# Inherited a mower



## chocolate-lab (Feb 8, 2008)

Well fellas, I inherited another craftsman, this is a 12hp, Model # 917.254920. It has a 38" mower deck on it, and it runs good. I have two questions, It has 18x8.50-8 tires on it, anybody know if I were to put 20x8.00-8 tires on would it rub on the fenders or mowing deck???? Also, I can't keep the battery charged, its a good battery, but it won't charge enough to start again later while the Lt(little tractor) is running, is there a voltage reg? and how many cranking amps should the battery have??? Your insight in these crazy questions of mine would be much appreciatted. Thankstiphat


----------



## chrpmaster (May 5, 2004)

I would measure the clearance between the current tires and the fender. If you have a couple inches you should be fine. As I recall the 20 number has to do with the circumference of the tire. Obviously you are looking at a taller tire but if it is only "growing" by two inches spread around the circumference then the total height change should be negligible. 

As far as keeping the battery charged I would make sure all you electrical connections are clean and tight especially the ground wire.
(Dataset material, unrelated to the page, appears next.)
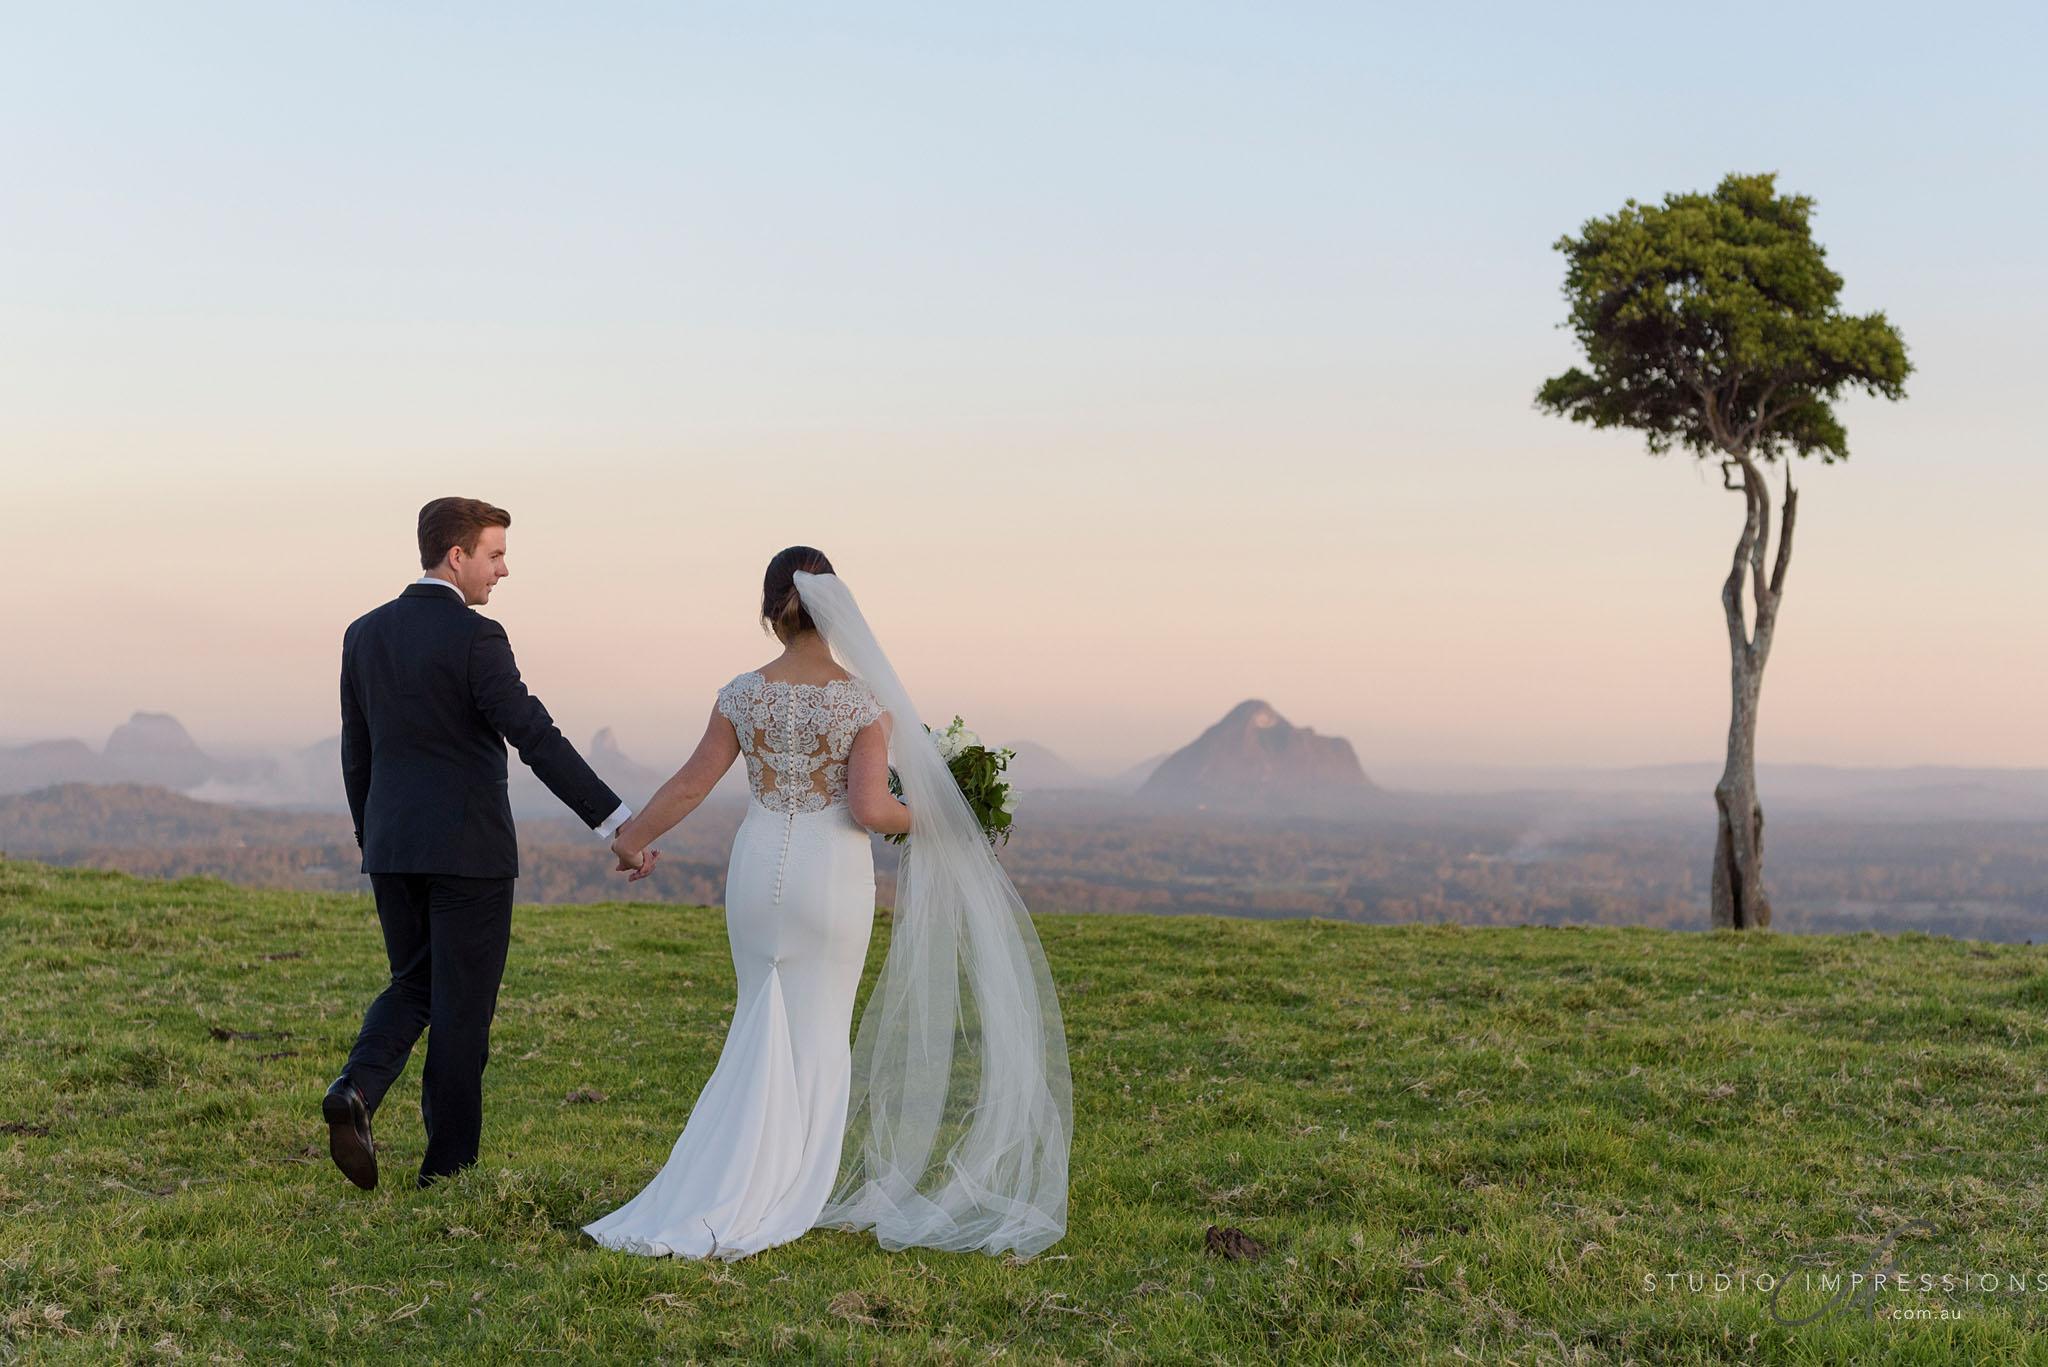 Gemma & Darren

Are you running the engine wide open? Some engines require the higher RPM's for the charging system to produce enough power to recharge the battery. I think my LT battery is only around 200 cca. (can't remember and its raining right now so prefer not to go out and check).


Andy


----------



## Bill Kapaun (May 8, 2007)

Briggs has a plethora of various charging systems available for that series.

Looking at the ign switch for it, I would guess it doesn't have a VR, but simply a "charge diode".
What are the color(s) of the wire(s) coming from under the shroud and the color of the connector?

Depending on the configuration, you should get either 14, 28 or 40 VAC minimum from the wires when unplugged.

PS as a quick test, put the meter across the battery (engine running fast) in the AC mode. It should so little to no AC component in the V. If you have "a bunch" of AC, the diode is shorted.
In DC mode, you should have in the neighborhood of 14ish V.
If battery V pretty much stays the same, running or not then-
There is an open circuit. It could be the diode(which is probably part of the connector) or the wire from the diode/connector to the "L" terminal on the switch, the switch between "L" &"B" terminals, or the wire from "B" to the battery. The fuse should be in there somewhere too.


----------